Tutorial 4 (Why making the most of Glicid’s storage space can save you a lot of time.)

logo glicid

Best Practices for Using Scratch and Storage Spaces

When running jobs on an HPC cluster, it is important to use the right filesystem for the right purpose. This ensures optimal performance, avoids overloading shared filesystems, and keeps your data safe.

1. 1. Work in the /scratch space

  • Has explain here /scratch/nautilus or /scratch/waves are fast, temporary filesystem designed for I/O-intensive workloads.

  • Use it to read and write files during your job execution.

Example in a job script:

cd /scratch/$USER/myjob
# Run your application here

2. 2. Archive your results before moving them

  • After your job finishes, collect small files into a single archive.

  • Use tar to group them, which reduces the number of inodes and simplifies transfers.

Example:

tar -czf myjob.tar.gz results_dir/

3. 3. Transfer to long-term storage

  • Move your archive from /scratch to a slower but larger storage area (e.g. /store or /home).

  • This storage is designed for capacity and persistence, not speed.

Example:

mv myjob.tar.gz /LAB-DATA/GLiCID/$USER/

4. 4. Key Points

  • /scratch/nautilus or /scratch/waves → for temporary, fast I/O during computation.

  • /LAB-DATA/GLiCID (or equivalent) → for long-term storage of results.

  • Always archive small files before moving them to large storage.

  • Clean up /scratch/nautilus or /scratch/waves after jobs to free space for other users.

5. Example: Why Archiving Small Files Before Transfer is important

This example shows the difference in performance when handling 20,000 very small files: first directly on /LAB-DATA/GLiCID, and then using /scratch/nautilus for archiving before transfer.

5.1. Case 1: Creating tar.gz on LABDATA/GLICID

time ./test_tar2.sh /LAB-DATA/GLiCID/users/john-d@univ-nantes.fr/test_lab-data/testdir
=== Preparing test files (20000 files) ===
=== Stress test started on /LAB-DATA/GLiCID/.../testdir ===
Total data size: 0.27 MB
--- Iteration 1 ---
Duration: 155 s | Avg. throughput: 0 MB/s
--- Iteration 2 ---
Duration: 141 s | Avg. throughput: 0 MB/s
--- Iteration 3 ---
Duration:  61 s | Avg. throughput: 0 MB/s
=== Cleanup ===
Stress test finished. Archives are in /LAB-DATA/GLiCID/.../testdir

real    6m15s

Decompression of the 3 tar files and rsync of the 20,000 small files from /scratch to /LAB-DATA/GLiCID:

time rsync -av --progress /scratch/.../testdir .
...
real    16m13s

Result: ~6 minutes for compression on LABDATA/GLICID and ~16 minutes to transfer 20,000 tiny files. Transfer rate observed: 0.34 kB/s for small files.

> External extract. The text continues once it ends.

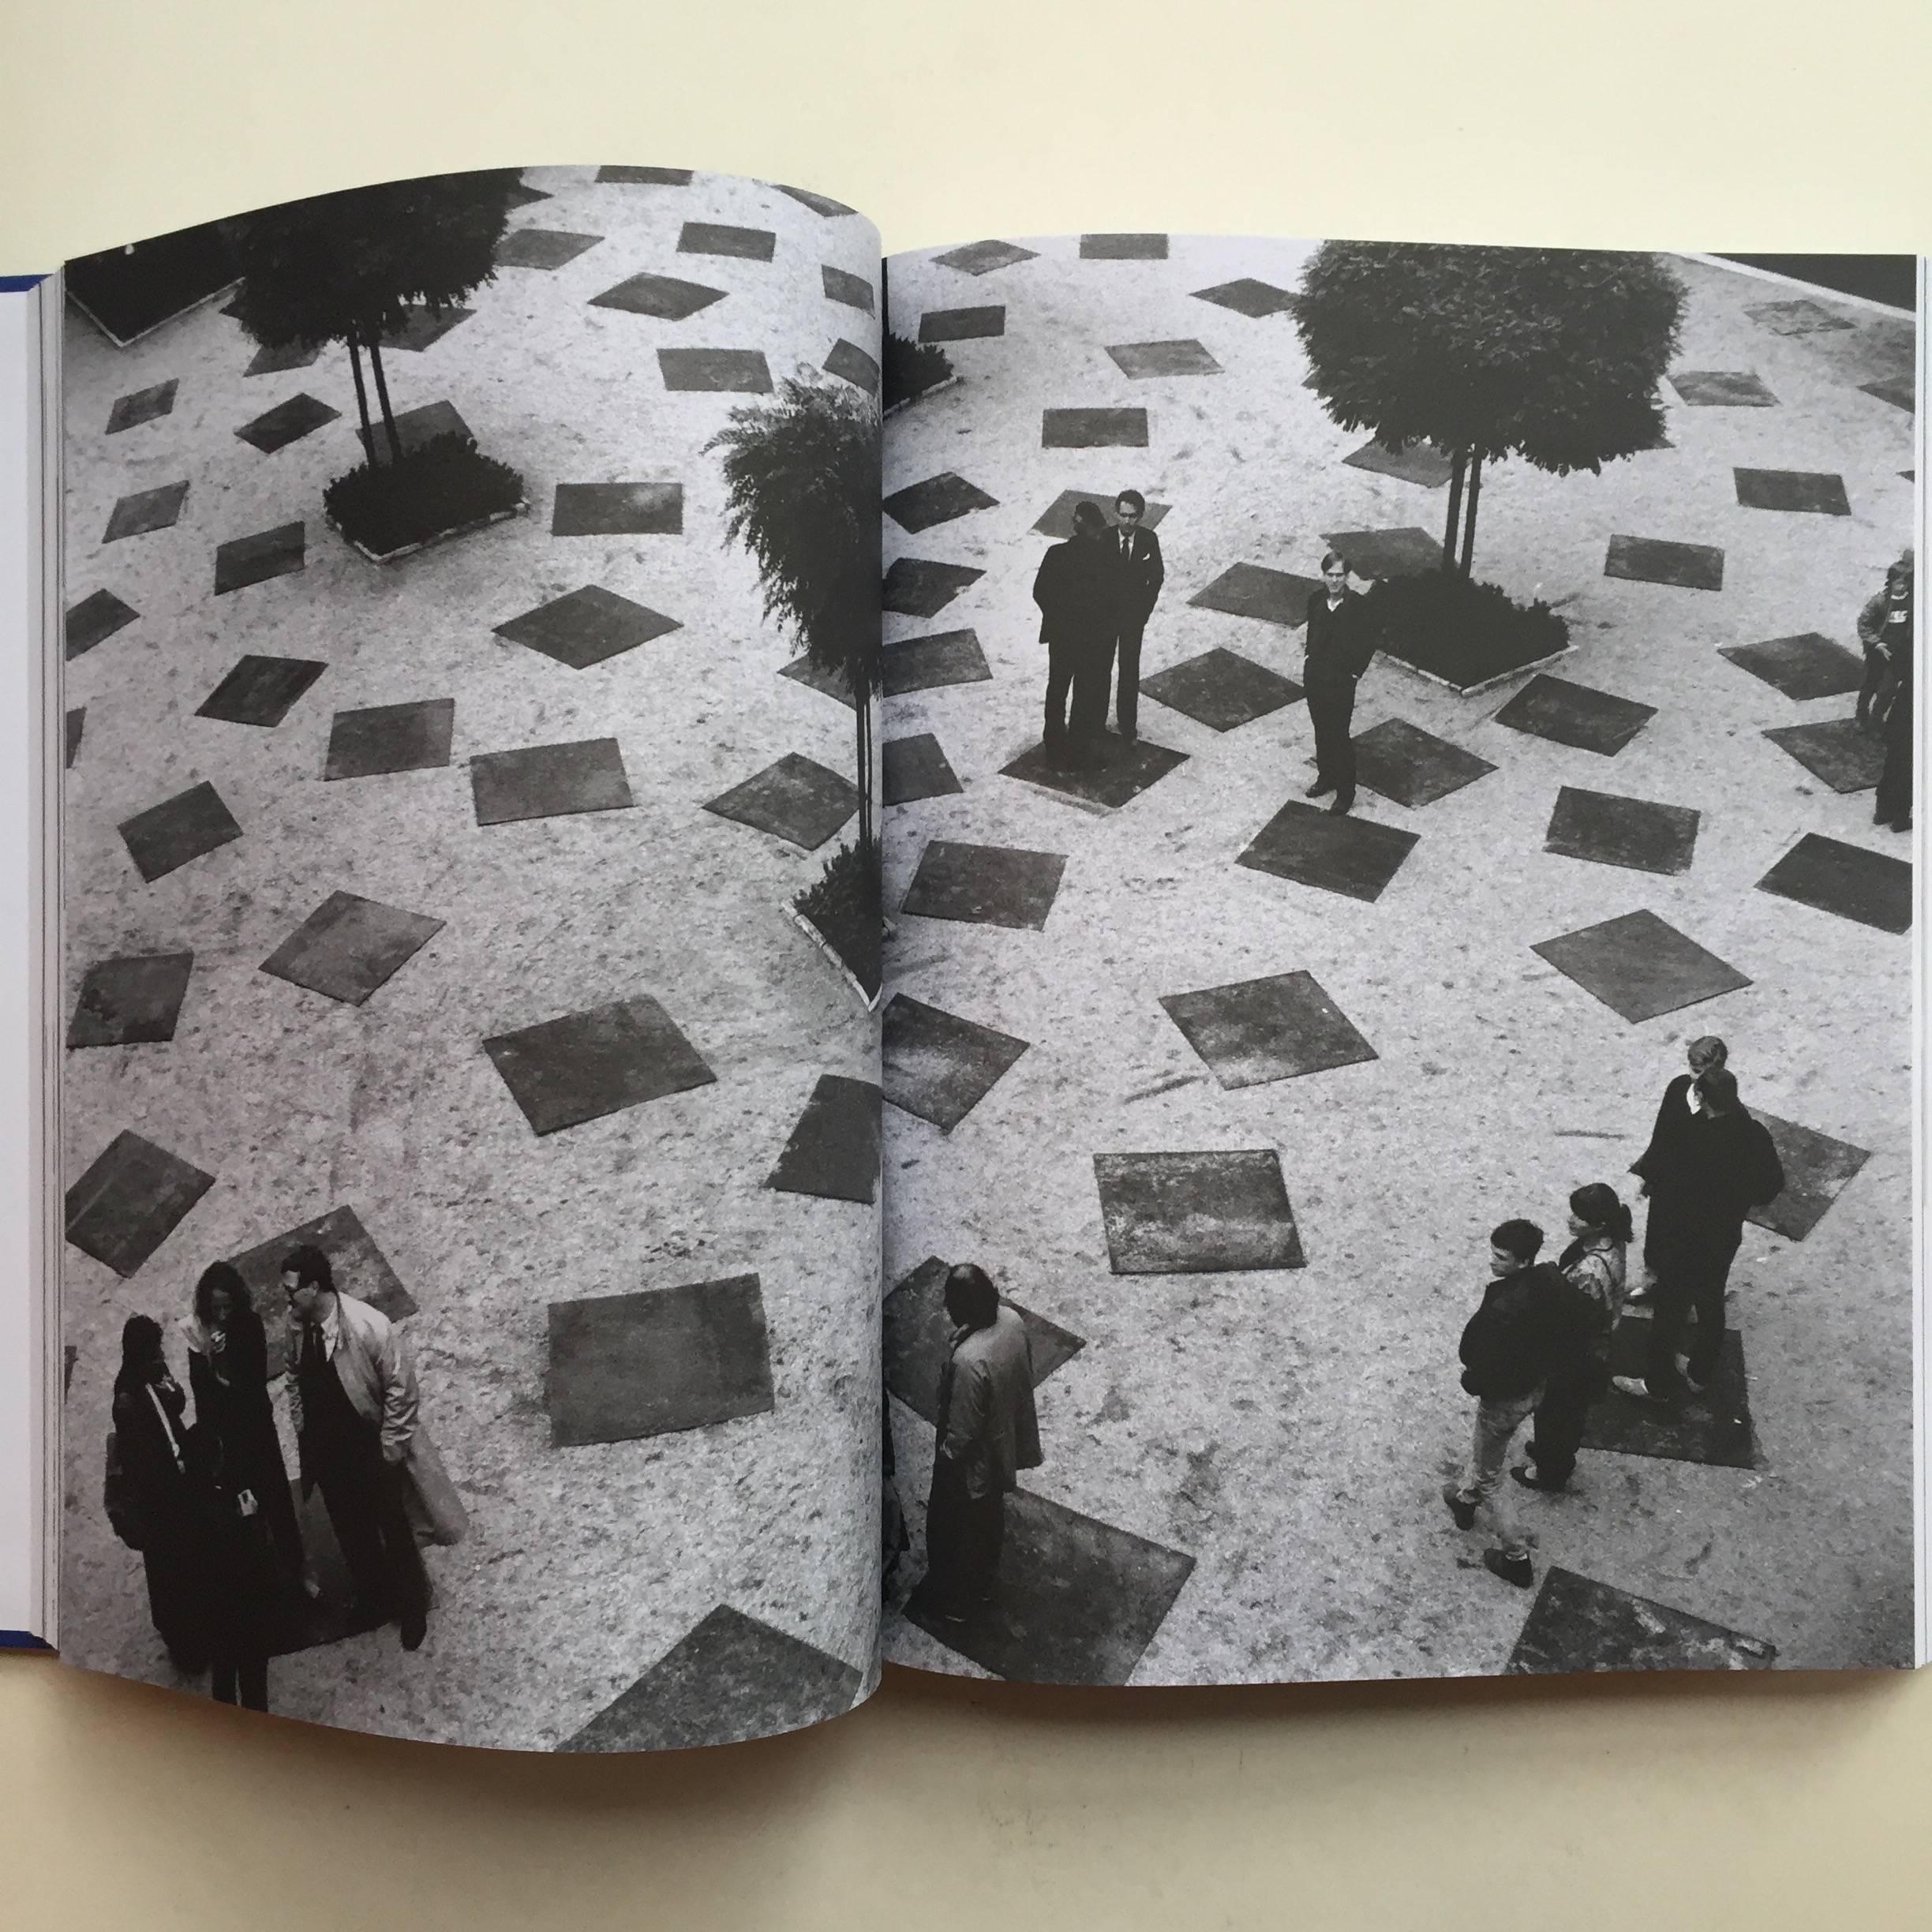 First edition, published by Yale University Press, 2014

A brilliant documentation of the career of Minimalist sculptor Carl Andre, tracing the evolution of over 50 years of his work. This book effectively covers the full spectrum and consistency

5.2. Case 2: Creating tar.gz on /scratch

time ./test_tar2.sh /scratch/nautilus/users/blondel-a@univ-nantes.fr/testdir
=== Preparing test files (20000 files) ===
=== Stress test started on /scratch/.../testdir ===
Total data size: 0.27 MB
--- Iteration 1 ---
Duration: 0.11 s | Avg. throughput: 2.29 MB/s
--- Iteration 2 ---
Duration: 0.12 s | Avg. throughput: 2.19 MB/s
--- Iteration 3 ---
Duration: 0.12 s | Avg. throughput: 2.19 MB/s
=== Cleanup ===
Stress test finished. Archives are in /scratch/nautilus/users/john-d@univ-nantes.fr/testdir

real    0m24,999s

Then rsync the tar archives to LABDATA/GLICID:

time rsync -av --progress /scratch/nautilus/users/john-d@univ-nantes.fr/testdir /LAB-DATA/GLiCID/users/john-d@univ-nantes.fr/test_lab-data/

sending incremental file list
testdir/
testdir/test_1.tar  20MB 100%  6.42MB/s  0:00:03
testdir/test_2.tar  20MB 100%  1.65MB/s  0:00:11
testdir/test_3.tar  20MB 100%  5.48MB/s  0:00:03

real    0m17,673s

Result: ~25 seconds to compress 20,000 files on /scratch, and ~17 seconds to transfer the 3 large tar files to LABDATA/GLICID. Transfer rate observed: 6.42 MB/s for large files.


5.3. Conclusion

  • Directly storing and transferring thousands of small files on LABDATA/GLiCID is slow and inefficient.

  • Using /scratch to archive small files into larger .tar.gz files before transfer is much faster.

  • This difference comes from the underlying infrastructure:

    • /scratch is a distributed, high-performance storage system designed for fast I/O during computations.

    • LABDATA/GLiCID is designed for capacity and long-term storage of files, not for handling millions of small I/O operations efficiently.

6. Best Practice

Work on /scratch/nautilus or /scratch/waves for temporary data processing, then compress and transfer results to LABDATA/GLiCID for middle or long-term storage within the limits of your quota.